When the earth shakes in an earthquake, falling objects can cause injury or start a fire. Many of the hazards associated with falling objects can be eliminated or minimized now, before an earthquake strikes. The following checklist can help earthquake proof your home.
Are cabinets, bookcases and mirrors secured to wall studs? Bookcases and cabinets are often heavily loaded and shaking could cause them to fall, causing contents to be damaged or near-by people to be injured.
Do your cabinet doors have strong latches? Strong latches keep contents inside. Also, guide rails can be put on shelves to prevent valuable objects from falling.
Is your gas hot water heater strapped to the wall? If the gas line breaks when it falls over, a fire could be started.
Are your hazardous or flammable materials stored safely? If a container of flammable liquid spills during an earthquake, any source of flame may ignite the fluid and start a fire.
Are you prepared to be self-sufficient for at least three days? This is also good preparation for inclement weather and other disasters. Have on hand a flashlight, portable radio, first aid kits, fire extinguisher, food and water for 3 days, medicine and tools.
Does your family know what to do in an earthquake? Suggested steps to follow after an earthquake are listed below.
Are your important documents (insurance policies) up to date and safe.
Is your house frame securely bolted to the foundation? Loss of contact with the foundation is a major source of damage in large earthquakes.
Have chimneys, roofs, and walls been checked for stability? Bricks from chimneys and wall facings if not tied to the wall can fall and cause significant damage or injury.
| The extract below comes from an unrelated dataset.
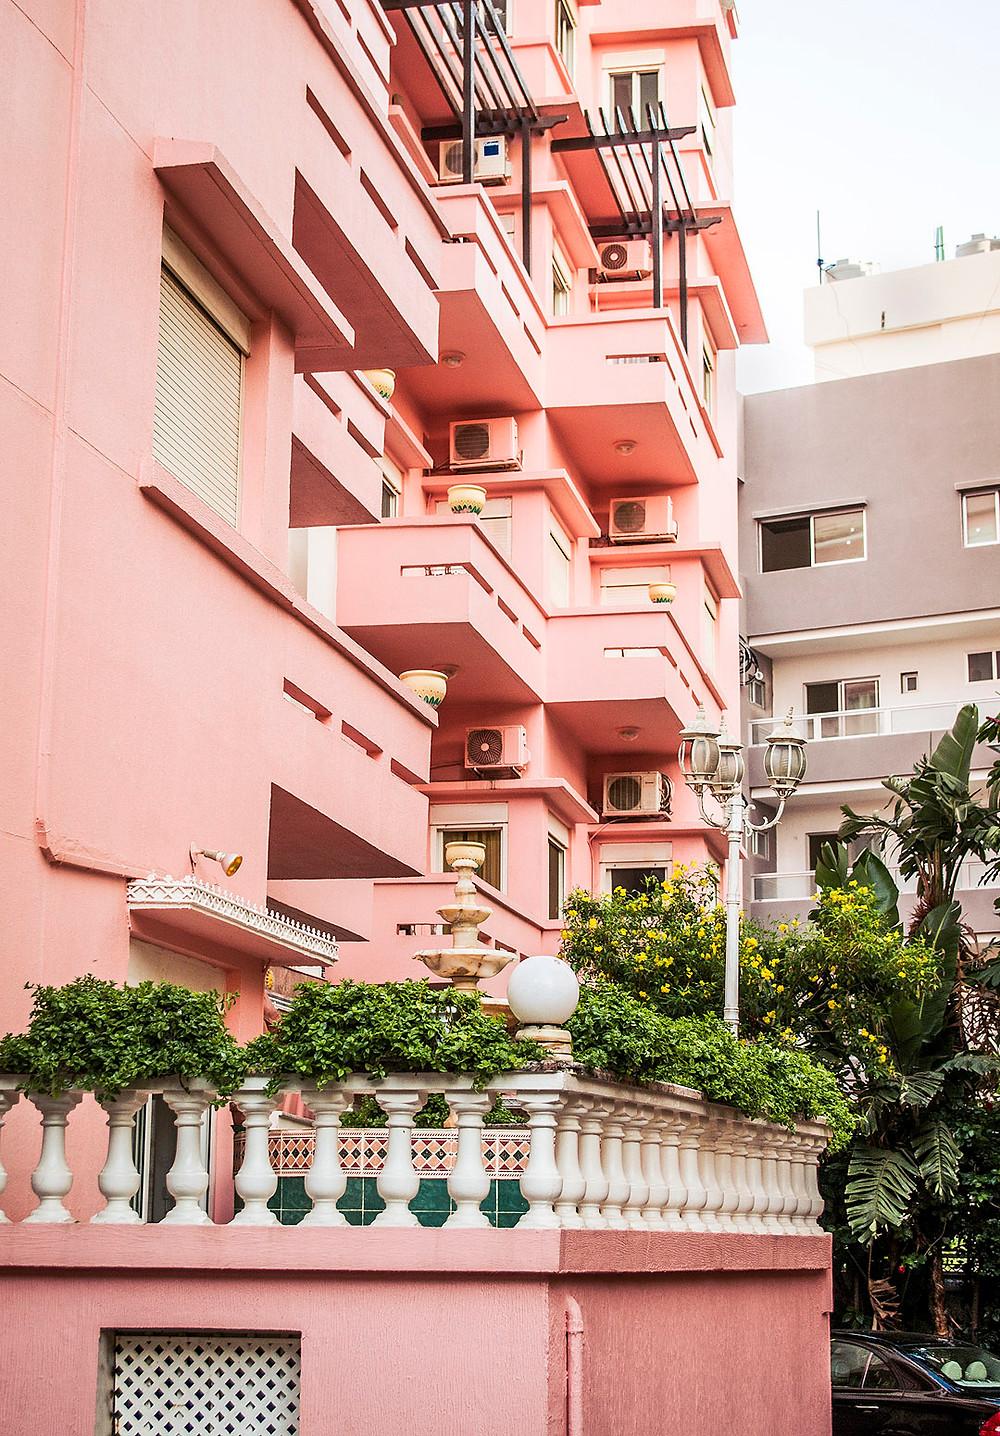 Villa Manara, Ras Beirut, Lebanon

During an earthquake 'Duck, Cover and Hold'
Duck under a strong table or desk. Injuries and deaths during earthquakes are caused by falling objects and collapsing structures.
Cover your head and face to protect them from broken glass and falling objects.
Hold onto the table or desk and be prepared to move with it. Hold your position until the shaking stops. Do not run outside during the shaking or use the stairways or elevators.

Steps to follow after a large earthquake
After tremors stop, vacate premises immediately until it is safe to return.
Know how to turn off or on electricity, water, and gas.
Look for and eliminate fire hazards that can cause further damage.
Take photos to record damage before you clean up or make repairs.
Check your building for cracks and structural damage.
Move valuables to a safe weatherproof location.
Review your insurance coverage and report claims promptly.
Collect inventory records, appraisals and photographic records.
Use licensed professionals to conduct inspections and repair our home.
Look for ways to better prepare your home for earthquakes as you repair or rebuild.
Review your family disaster plan and see how you can help to improve disaster planning in your community.

Bibliography

Bolt, Bruce A., (1993). Earthquakes, W.H. Freeman and Company, New York, New York, 331 p.

Building Seismic Safety Council, (1995). A nontechnical explanation of the 1994 NEHRP recommended provisions, Federal Emergency Management Agency publication 99, 82p.

Frankel, A., (1995) Mapping Seismic Hazard in the central and eastern United States. Seismological Research Letters, Vol 66, No. 4., pp 8-22.

Slemmons, D.B., Engdahl, E.R., Blackwell, D., and Schwartz, D., (1991) Neotectonics of North America, Decade Map Volume, The Geological Society of America, Boulder, Colorado, 493p.